Even for experienced players, follower dungeons are a great way for them to improve too. Think of it this way. Whenever you would like to try out a new specialization for your class, there is no good way to really learn it. By the time you would like to try something new, most dungeons are a cakewalk. And the ones that do require skill to complete, e.g., Mythic Plus dungeons, you can only participate in if you have a high enough rating for those dungeons and that season. There is no good middle ground to practice, learn your rotations, and set up add-ons to meet any need you need to get the hang of that new role or rotation you’re trying out. Follower Dungeons are a fantastic way to experiment now, allowing you to take the time to adjust any talents or tools as needed between pulls.
This is just the start for Follower Dungeons. In the future, I hope to see this feature come to raids that are no longer current content. Save for Fated Raids, first introduced in Shadowlands which gave raiders a chance to replay older raids for better, current gear, there is no purpose to go back to them. This quickly leaves players who don’t normally do the raids, or do the much more segmented Raid finder mode, out of major story elements. Unlike many other MMOs, World of Warcraft relies heavily on their raids as a pillar of end-game content. They aren’t just larger dungeons to complete with ten to thirty players. They are the culmination of a patch’s or expansion’s story, something many players look forward to experiencing first-hand and unlocking the end cinematic.
Capstoning in major revelations as to what we’ve been fighting against and what’s to come for Azeroth and our champions. Any player who’s missed an expansion and plays through one is missing key story details locked away behind an experience that very few people are doing at that point. Same for players who just miss a major patch completely. If you miss a raid tier and return for the following one, you’re just swamped with new quests that lead to a giant green portal before moving on to the next new area full of quests to complete. That’s a lot of questions left unanswered that aren’t satisfyingly given through Raid Finder at that point. Follower Dungeons are a great way to fix that and are a chance to close story holes that are left open by keeping major plot points locked within a raid.

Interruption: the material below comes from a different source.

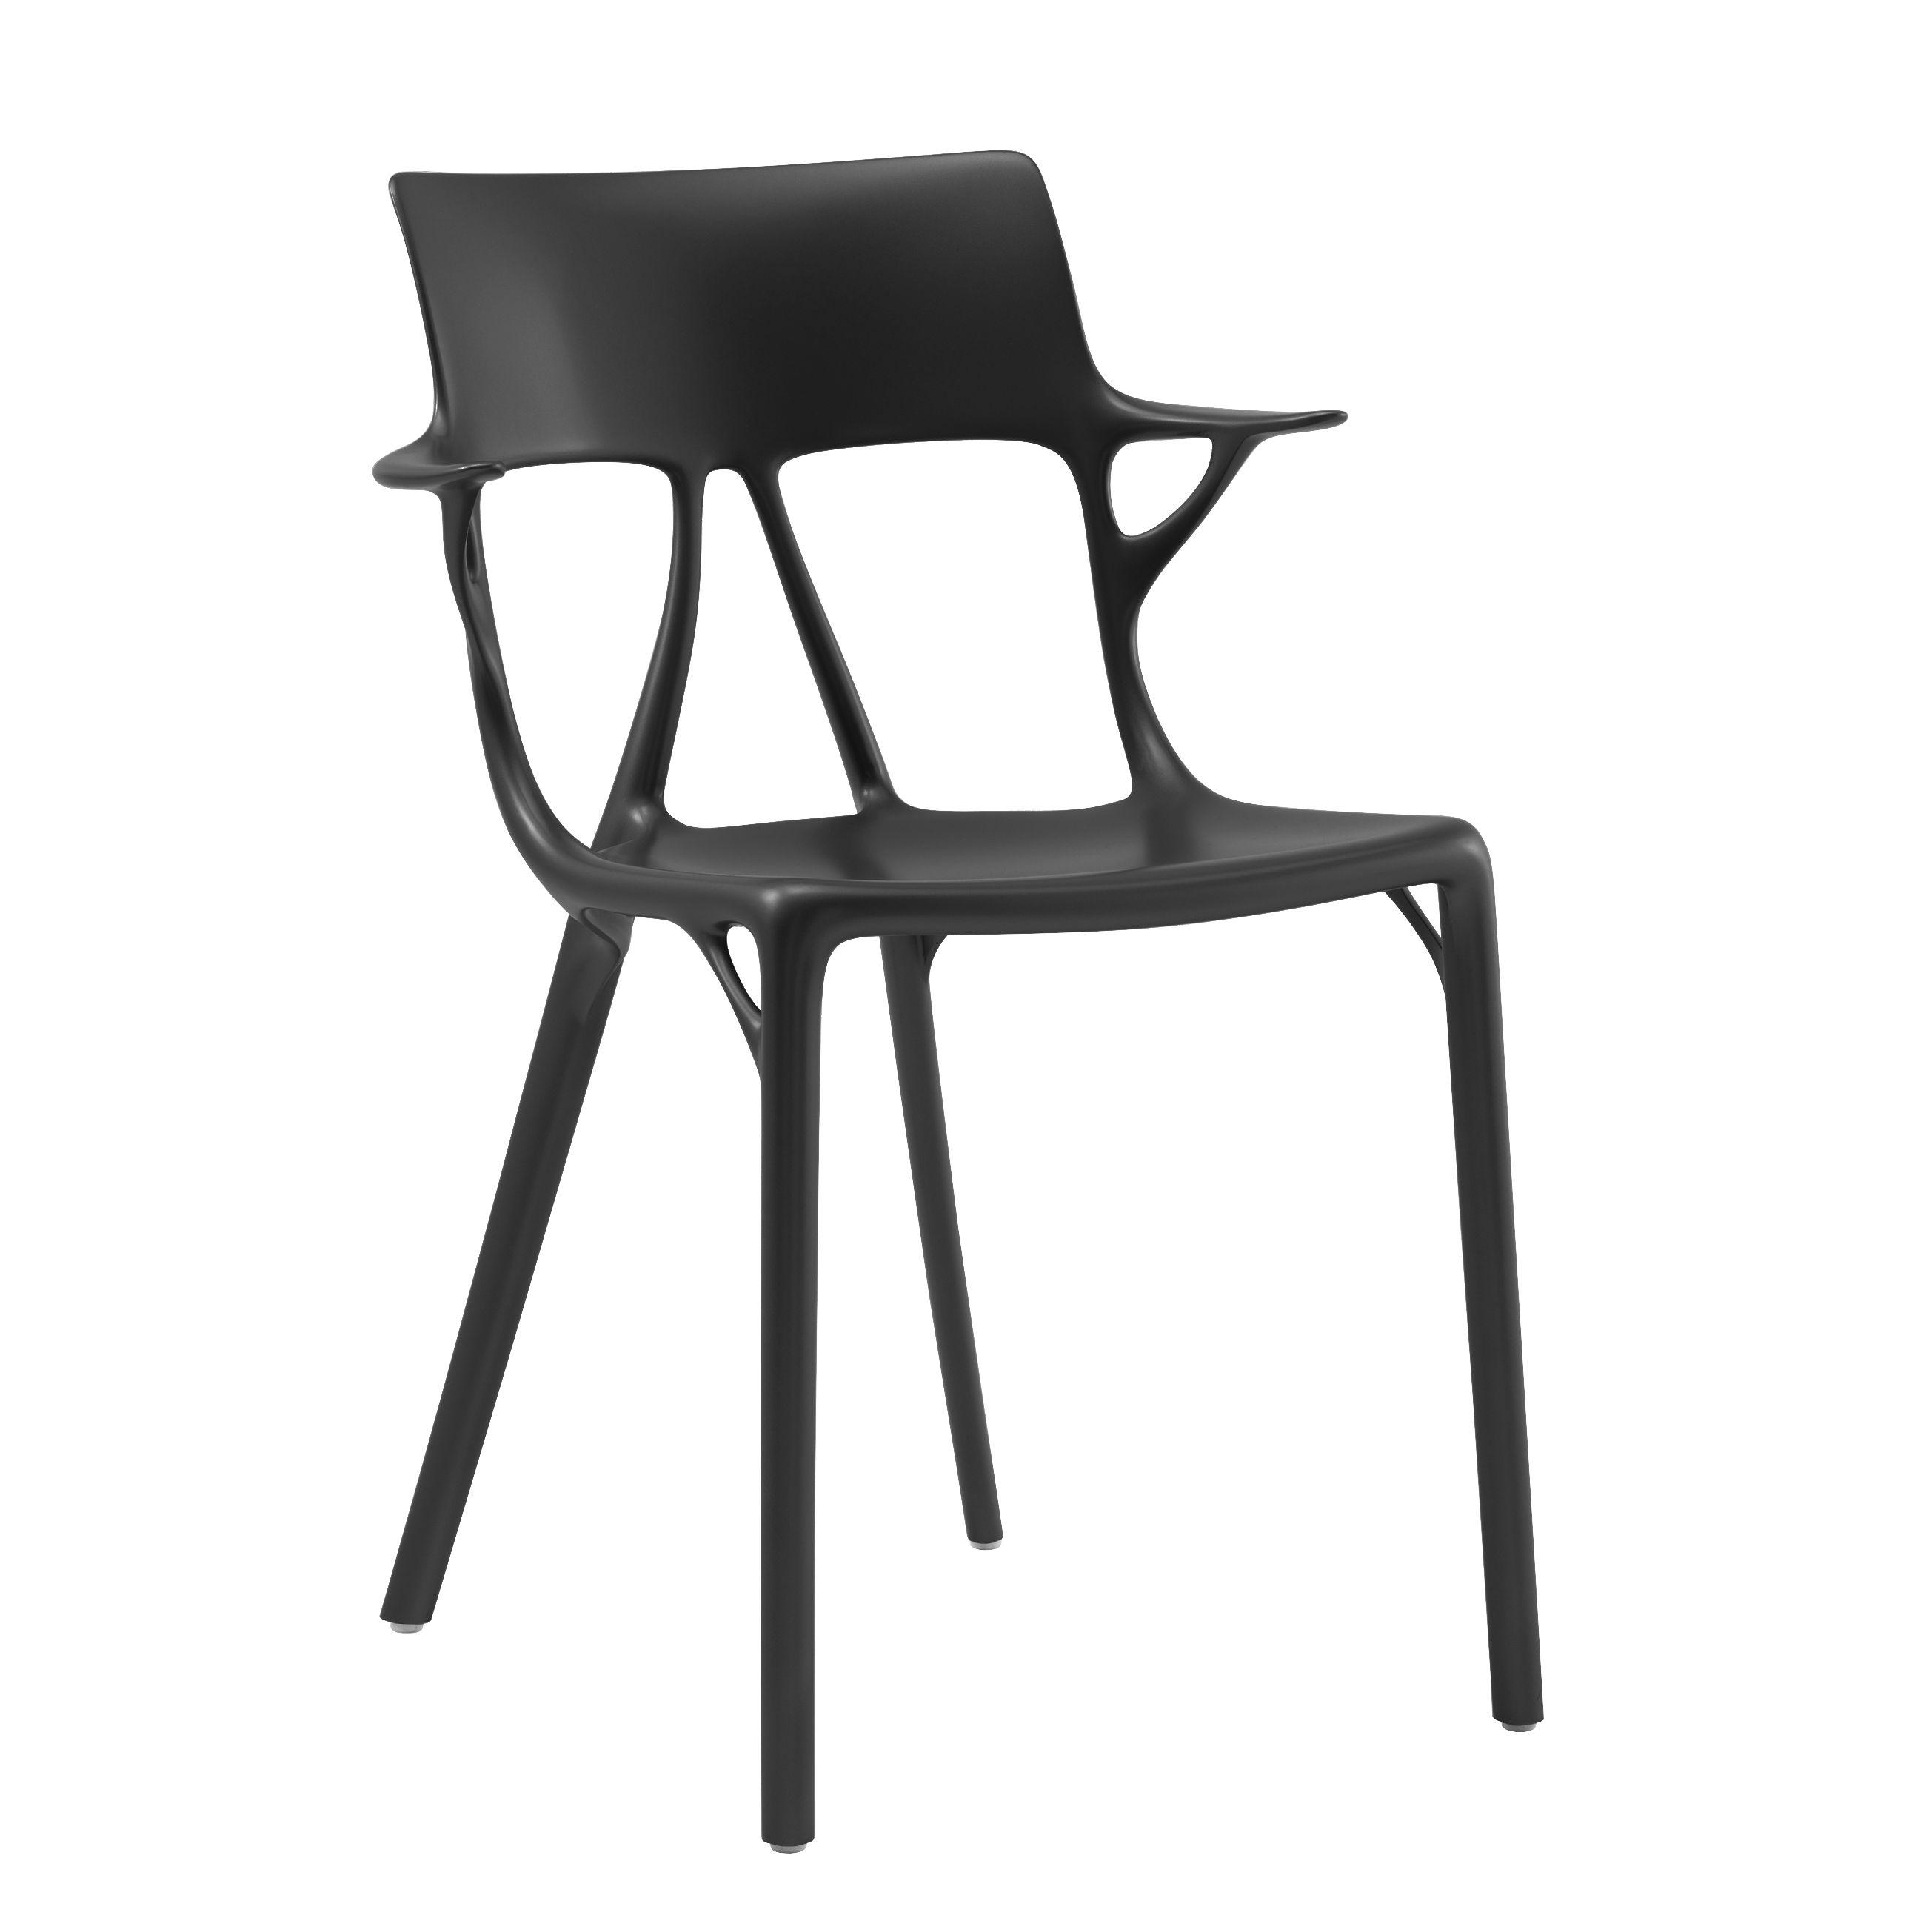 Möbel - Stühle  - A.I Stapelbarer Sessel / Durch künstliche Intelligenz entworfen - Kartell - Schwarz - Recyceltes thermoplast. Technopolymer

If Blizzard is making a specific expansion the leveling experience for new players, as how Battle for Azeroth currently is and will soon be replaced by Dragonflight, shouldn’t those people who are leveling through that expansion to prepare for the current one know what all the key moments are and how they got there in-game through one fluid experience? Not just having to look up videos online if they’re confused? Follower Dungeons could be the way that Blizzard implements a system to let players fully enjoy everything World of Warcraft has to offer without having to play a Death Knight to be able to complete the last expansion’s raids on their own.
Until now, the changes to dungeons have served almost exclusively high-end players, with additions of Challenge Mode dungeons, Mythic Plus dungeons, and Mega Dungeons. Now, Follower Dungeons in patch 10.2.5 is the first time Blizzard is changing up dungeons for every player to make that initial dungeon and World of Warcraft experience a more welcoming one.